There is usually a one-to-one relationship between geoms and stats: geoms are created through specific statistical transformations. The relationship between geom_bar()
and stat_count()
as discussed in Section 14.3.1 is a particularly simple and clear example. Geoms, stats, and positions all have their functional forms (geom_*()
, stat_*()
, and position_*()
) as well as their form as a string without the functional prefix (geom = "point"
, stat = "identity"
, position = "stack"
). The relationship between these three aspects of a geometric layer is discussed in some length in Section 14.3. Otherwise the relationship between geoms and stats are noted throughout. An overview of the possible position adjustments is in Section 14.9
The documentation for each geom provides the aesthetics that can be used with it. See Chapter 16 for an overview of aesthetics.
14.3 Bar plots
14.3.1 Geoms and stats
geom_bar()
is a good place to start with geoms because it is easy to show the relationship between geoms, stats, and position.
geom_bar()
By default geom_bar()
performs a statistical transformation by counting the number of observations in the variable provided in the single positional aesthetic: x
for upright bar plot, y
for horizontal bar plot. Therefore, you can create a bar plot with either geom_bar()

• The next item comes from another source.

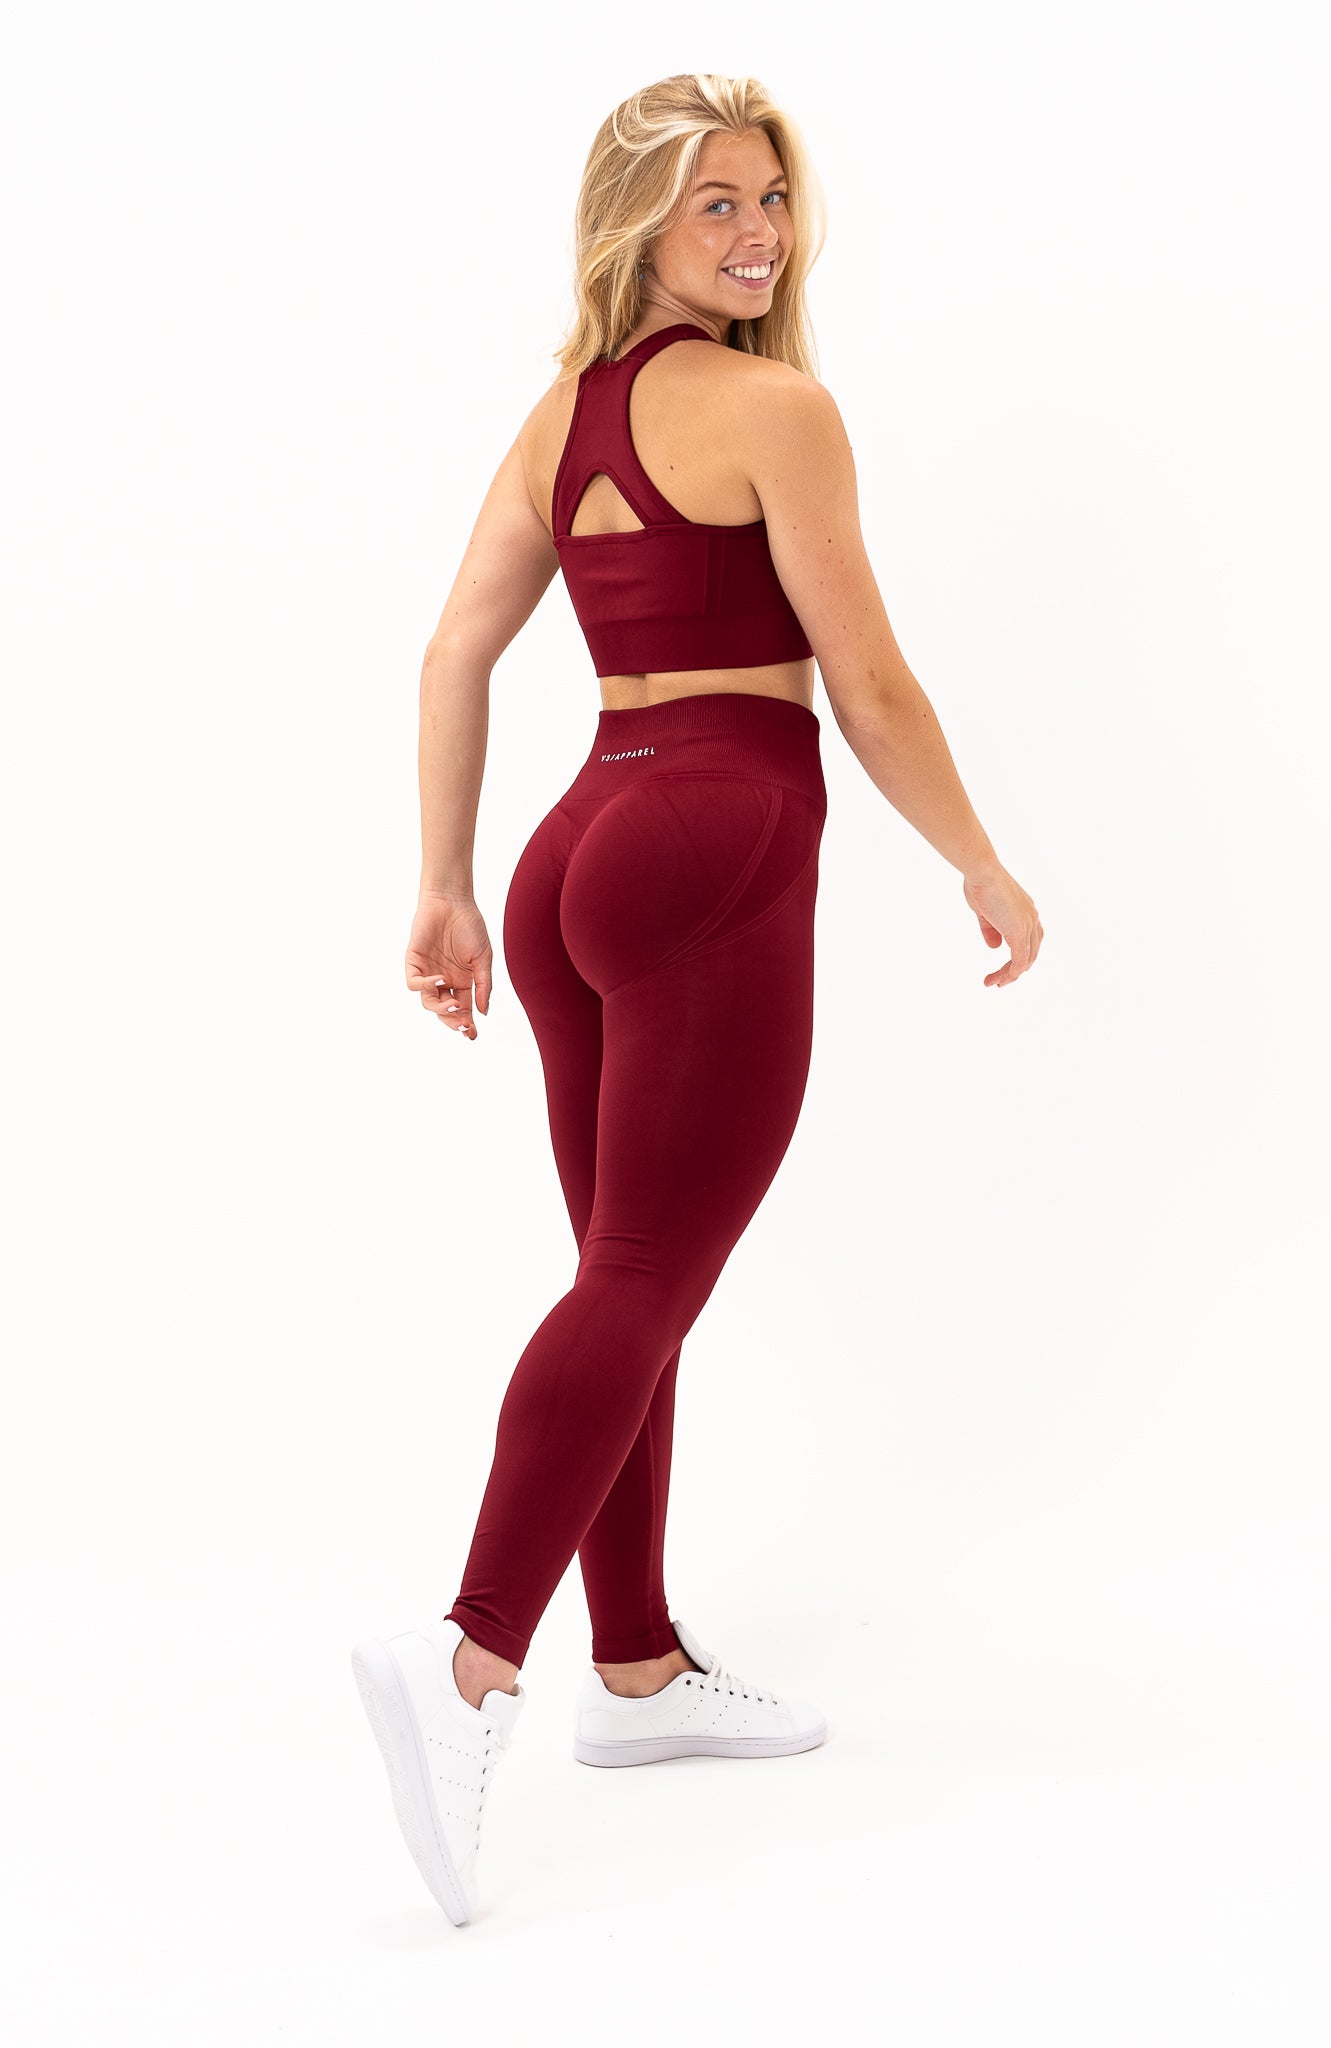 redbaysand Women's Tempo seamless scrunch bum shaping high waisted leggings and training sports bra in burgundy red – Squat proof sports tights and training bra for Gym workouts training, Running, yoga, bodybuilding and bikini fitness.

or stat_count(geom = "bar")
:
penguins |>
ggplot(aes(x = species)) +
geom_bar()
penguins |>
ggplot(aes(x = species)) +
stat_count(geom = "bar")
stat_identity()
Instead of using the default count stat, you can use stat_identity()
which gets the height of the bars directly from the data. stat_identity()
requires both x
and y
positional aesthetics because it needs to know which variable to use for the height of the bar.
penguins |>
count(species) |>
ggplot(aes(x = species,
y = n)) +
geom_bar(stat = "identity")
penguins |>
count(species) |>
ggplot(aes(x = species,
y = n)) +
stat_identity(geom = "bar")
geom_col()
geom_col()
provides a shortcut for creating a bar plot using stat_identity()
. The height of the bar is scaled to the y
aesthetic, which does not need to be a count.
14.3.2 Aesthetics
Add color to the geom with either color
or fill
aesthetics. As with other polygon geoms, fill
provides the color for the area of the geom and color
affects the outline of the polygon.
# Fill
penguins |>
ggplot(aes(x = species)) +
geom_bar(aes(fill = species))
# Color
penguins |>
ggplot(aes(x = species)) +
geom_bar(aes(color = species))
14.3.3 Position
Each geom has a position
argument that takes either "identity"
, "stack"
, "dodge"
, "dodge2"
, or "fill"
, or, alternatively, the corresponding position_*()
functions that allow more freedom in tweaking aspects of the position. See Section 14.9 for an overview.
The default position
for geom_bar()
is position_stack()
. This can be seen by mapping color
or fill
to a non-positional variable. With position_stack()
each group is stacked on top of each other.
position_identity()
is the default for most geoms, but it does not work well with bar plots. Compare the default position_stack()
to position_identity()
in which each group starts from 0. Note the difference in the limit of the y-axis.
# Default stack position
penguins |>
ggplot(aes(x = island,
color = species)) +
geom_bar(fill = NA)
# Position identity
penguins |>
ggplot(aes(x = island,
color = species)) +
geom_bar(fill = NA,
position = "identity")
A more useful positional adjustment with bar plots is to "dodge"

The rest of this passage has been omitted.